SOCIÉTÉ

Sébastien Bouzard est le nouveau président de la CGPME


Jeudi 6 Octobre 2016 à 18:49 | Lu 1223 fois

ÉCONOMIE - Seul candidat au poste, le patron de la société Tahiti Logiciel a été élu à l’unanimité par une quarantaine de chefs d’entreprises lors de l’assemblée générale de la CGPME ce matin.


Sébastien Bouzard lors de l'Assemblée générale de la CGPME
Sébastien Bouzard lors de l'Assemblée générale de la CGPME
Le président de la CGPME a changé : Sébastien Bouzard succède à Christophe Plée à la tête de la confédération générale des petites et moyennes entreprises.

Cela fait 12 ans que Sébastien Bouzard s’investit auprès de Christophe Plée pour défendre les intérêts des moyennes et petites entreprises. Et succéder à Christophe Plée, figure emblématique de la CGPME, réputé pour son franc parlé… est un défi pour Sébastien Bouzard. Le nouveau président s’inscrit dans la continuité des actions entreprises par son prédécesseur, qui reste à ses côté en tant que vice-président : "C'est un beau challenge mais Christophe a réussi à mettre la CGPME au premier rang. Il suffit juste de continuer dans son sillon. Ca fait 12 ans que je m'investis pour la CGPME et je préfère agir que de critiquer..."  s'exclame Sébastien Bouzard! La CGPME ce n'est que du bénévolat, mais c'est tellement de satisfaction, même si on prend des coups!

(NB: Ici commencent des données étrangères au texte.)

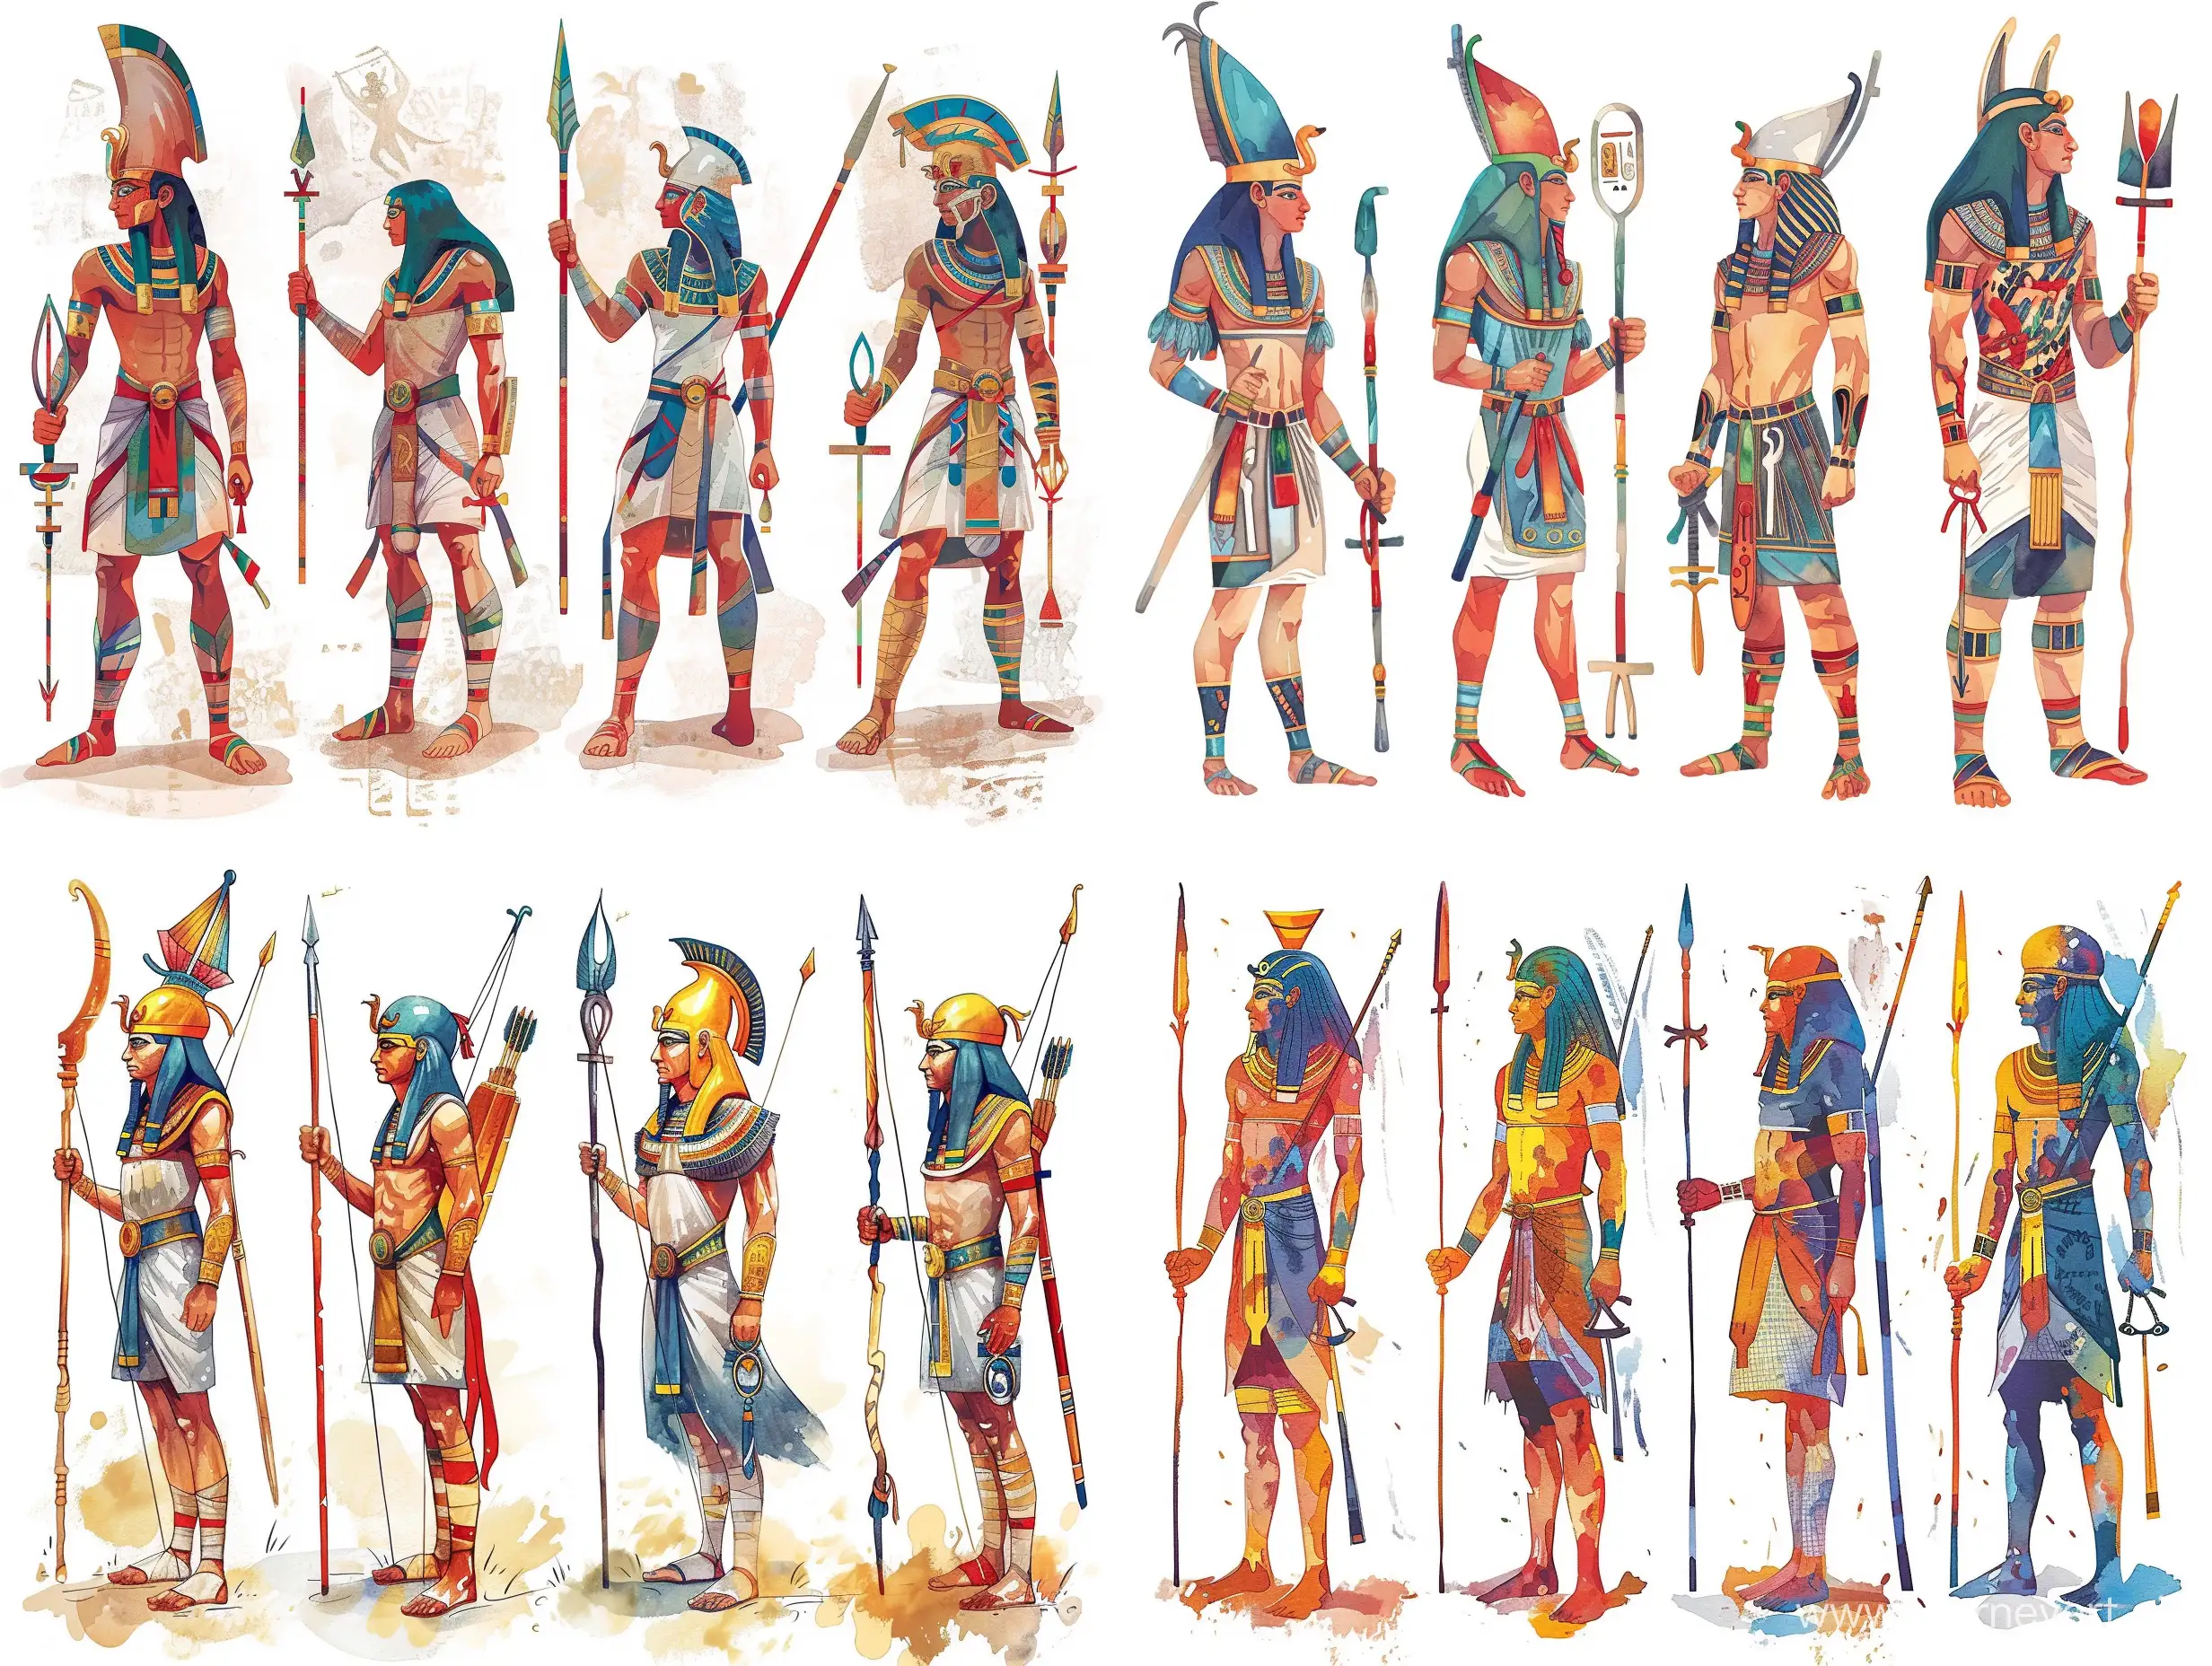 Ancient-Egyptian-Warriors-in-Six-Stylized-Caricature-Variants-by-Victor-Ngai

C'est aussi des belles rencontres, une belle famille, et pour rien au monde je ne la quitterai", ajoute Christophe Plée.
 

L’ancien président du syndicat polynésien des entreprises et prestataires de services, chef d’entreprise depuis 1999 et membre du CESC s’attellera au cours des trois prochaines années à poursuivre le combat de sa confédération, notamment en matière de réforme du code du travail polynésien.
 
 
La CGPME, c’est plus de 750 entreprises et 6500 salariés.
Le nouveau bureau ira défendre à Paris des dossiers tels que la tarification bancaire. Elle sera étudiée au ministère des Outre-mer en décembre. La CGPME participera également aux rencontres économiques du Pacifique Sud à Paris, pour demander 300 billets d’avions au profit de la formation des salariés polynésiens.